The term "computer-readable medium" as used herein refers to any media that participates in providing instructions to a processor for execution. Such a medium may take many forms, including but not limited to, non-volatile media, volatile media, and transmission media. Non volatile media includes, for example, optical or magnetic disks. Volatile media includes dynamic memory, such as memory. Transmission media includes coaxial cables, copper wire, and fiber optics, including the wires that comprise bus.

Common forms of computer-readable media include, for example, a floppy disk, a flexible disk, hard disk, magnetic tape, or any other magnetic medium, a CD-ROM, any other optical medium, punch cards, papertape, any other physical medium with patterns of holes, a RAM, PROM, and EPROM, a FLASH-EPROM, any other memory chip or cartridge, or any other tangible medium from which a computer can read.
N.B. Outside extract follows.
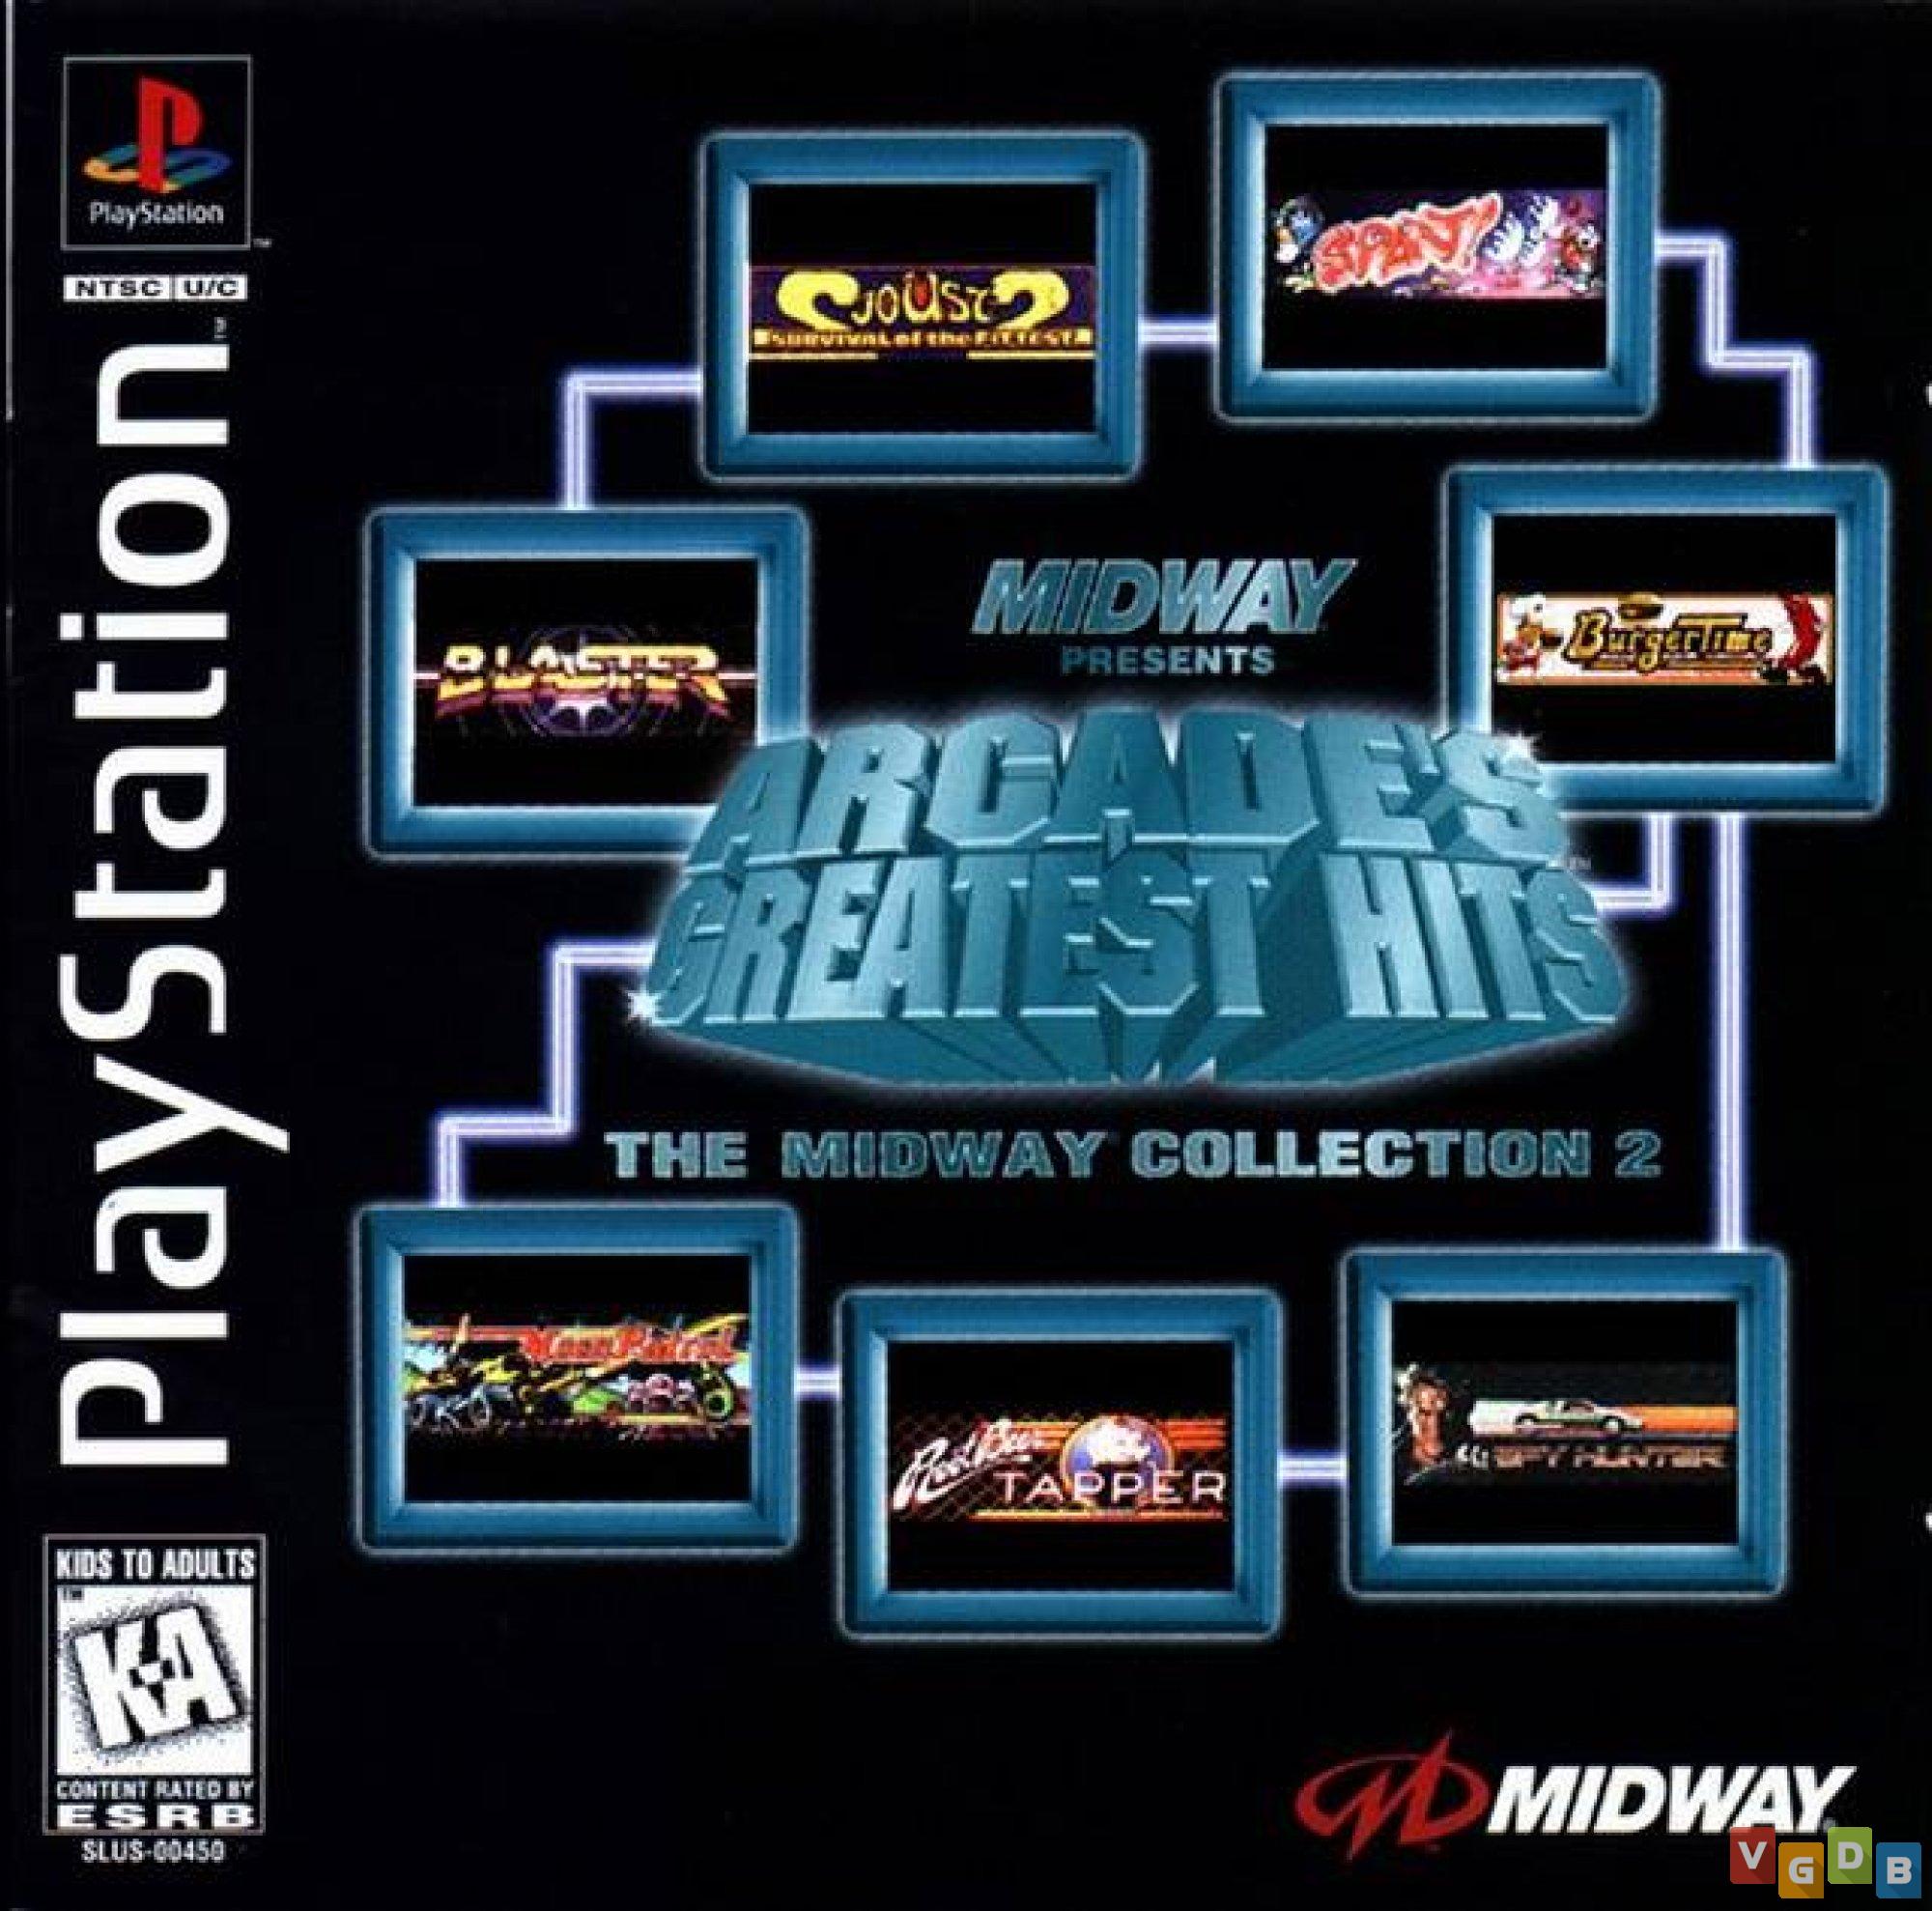 Arcade's Greatest Hits - the Midway collection 2. 2 Midway Arcade. PLAYSTATION Greatest Hits игры. Midway студия игр. Best collection 2

Various forms of computer readable media may be involved in carrying one or more sequences of one or more instructions to processor for execution. For example, the instructions may initially be carried on the magnetic disk of a remote computer. The remote computer can load the instructions into its dynamic memory and send the instructions over a telephone line using a modem. A modem local to computer system can receive the data on the telephone line and use an infra-red transmitter to convert the data to an infra-red signal. An infra-red detector coupled to bus can receive the data carried in the infra-red signal and place the data on bus. Bus carries the data to memory, from which processor retrieves and executes the instructions. The instructions received by memory may optionally be stored on storage device either before or after execution by processor.

In accordance with various embodiments, instructions configured to be executed by a processor to perform a method are stored on a computer-readable medium. The computer- readable medium can be a device that stores digital information. For example, a computer- readable medium includes a compact disc read-only memory (CD-ROM) as is known in the art for storing software. The computer-readable medium is accessed by a processor suitable for executing instructions configured to be executed.

Additionally, the described implementation includes software but the present teachings may be implemented as a combination of hardware and software or in hardware alone.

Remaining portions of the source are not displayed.